Search code examples
pythonlistpython-itertools

Python itertools groupby not grouping as I expect


Suppose I have a string like so:

st='''Line 1
Line 2
Line 3
Line 4

Line 5
Line 6

Line 7
Line 8 
Line 9

Line 10
Line 11
Line 12
Line 13
Line 14'''
# may be really big...

Now suppose I want a LoL grouped by the blank lines:

[['Line 1', 'Line 2', 'Line 3', 'Line 4'],
 ['Line 5', 'Line 6'],
 ['Line 7', 'Line 8 ', 'Line 9'],
 ['Line 10', 'Line 11', 'Line 12', 'Line 13', 'Line 14']]

I know that I can create that LoL with a regex split:

[[x] for x in re.split(r'^\s*\n',st,flags=re.MULTILINE)]
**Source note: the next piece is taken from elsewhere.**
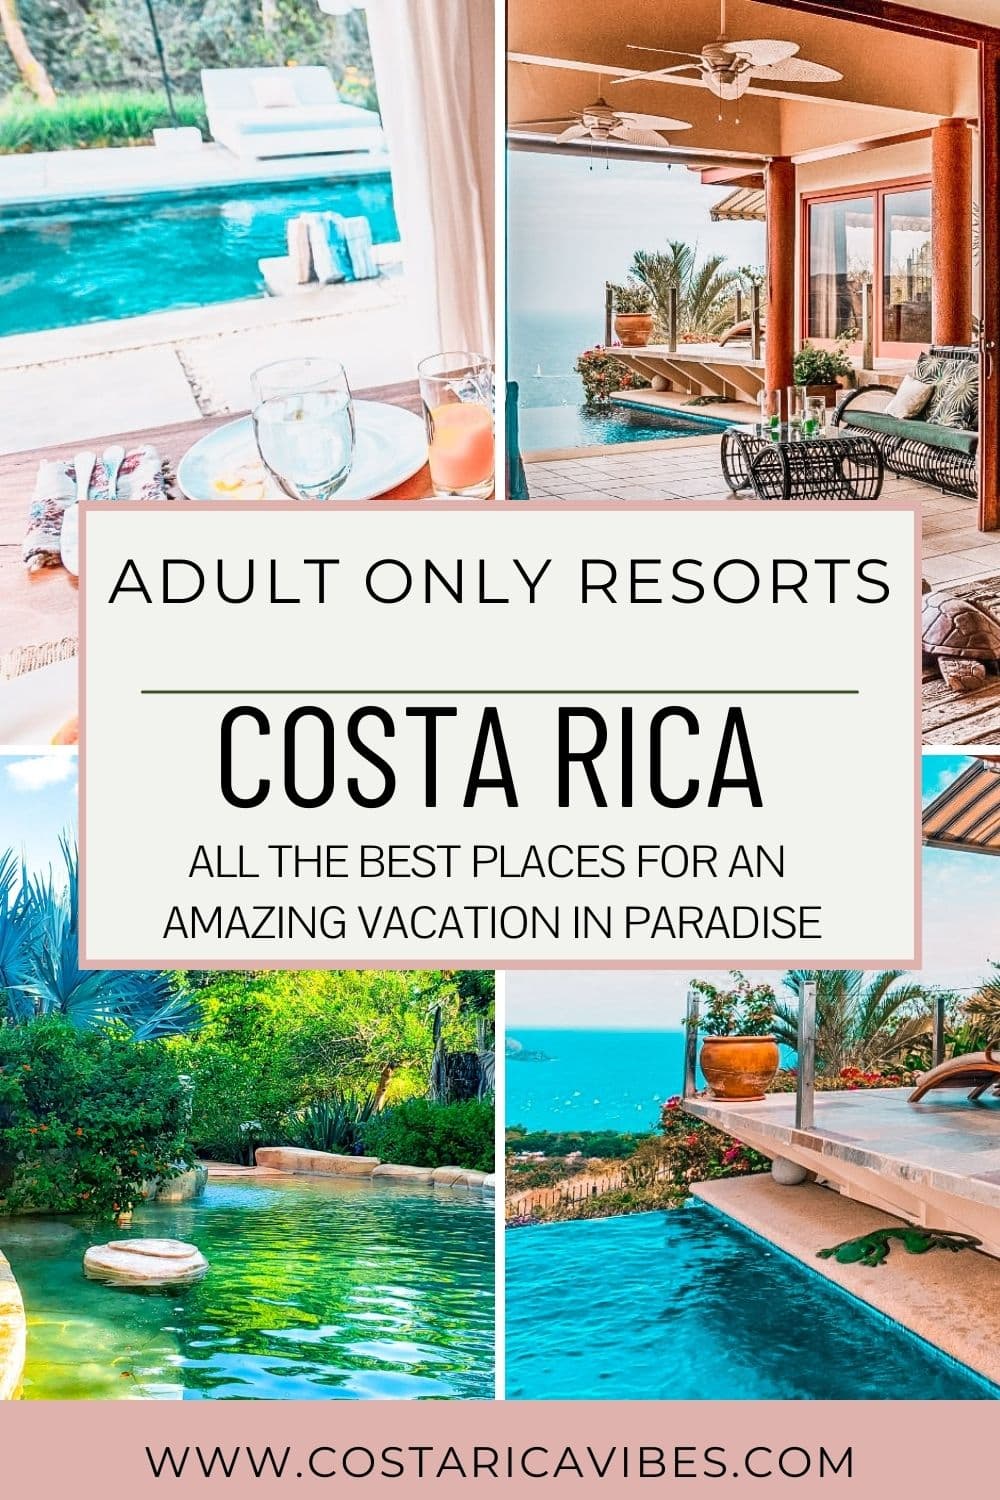 Adult Only Resorts in Costa Rica - 7 Great Places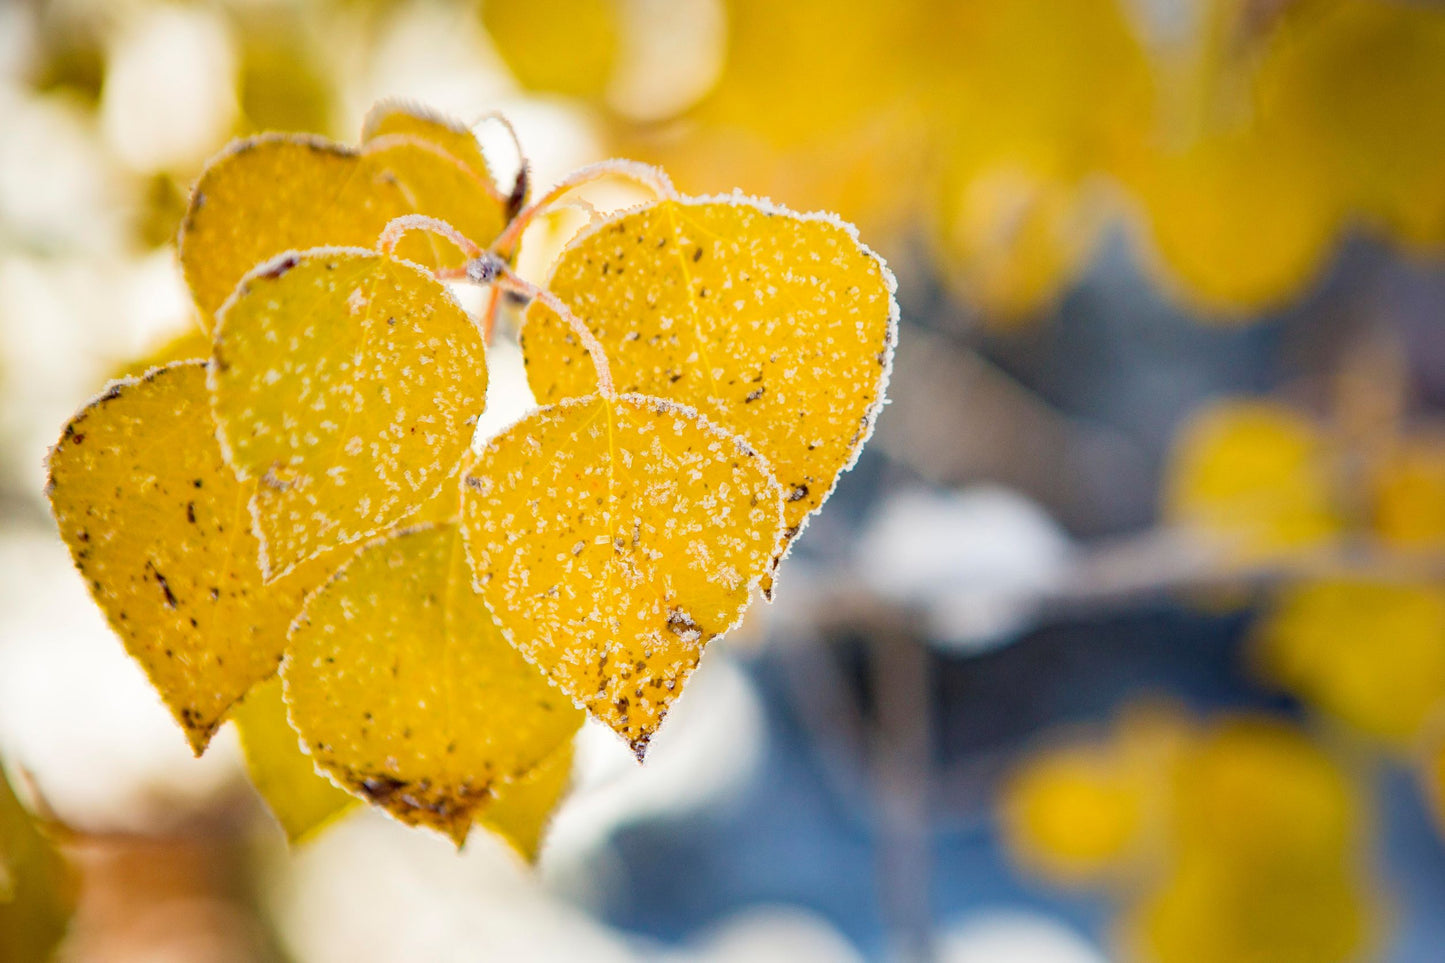 " Aspen Fall Frost " Small Canvas Photographer: Kyle Spradley Small Canvas Print  Aspen Leaves in Fall color with fresh frost  Taken in the Snowy Range Mountains of Wyoming  12" length x 9" height x 1" width  Sawtooth for hanging

However, I am trying to create this with a non-regex Python generator. The closest I have gotten is this horrible thing (which includes the blanks and is not at all efficient I know...):

result=[]        
for sub in (group for key, group in itertools.groupby(st.splitlines(), lambda x: not x.rstrip())):
    result.append(list(sub))

print result

Any hints on a direction to go?

I am somewhat keying off THIS SO question.


Solution

  • I'd probably write

    >>> grouped = itertools.groupby(map(str.strip, st.splitlines()), bool)
    >>> [list(g) for k,g in grouped if k]
    [['Line 1', 'Line 2', 'Line 3', 'Line 4'], ['Line 5', 'Line 6'], 
    ['Line 7', 'Line 8', 'Line 9'], ['Line 10', 'Line 11', 'Line 12', 'Line 13', 'Line 14']]
    

    This will also handle blank lines with whitespace, which \n\n-based splitting won't. On the other hand, it doesn't preserve leading and trailing whitespace, which from the 'Line 8 ' example you may want. If that matters, you could do:

    grouped = itertools.groupby(st.splitlines(), lambda x: bool(x.strip()))
    

    (which, looking at it, is pretty close to what you're already doing.)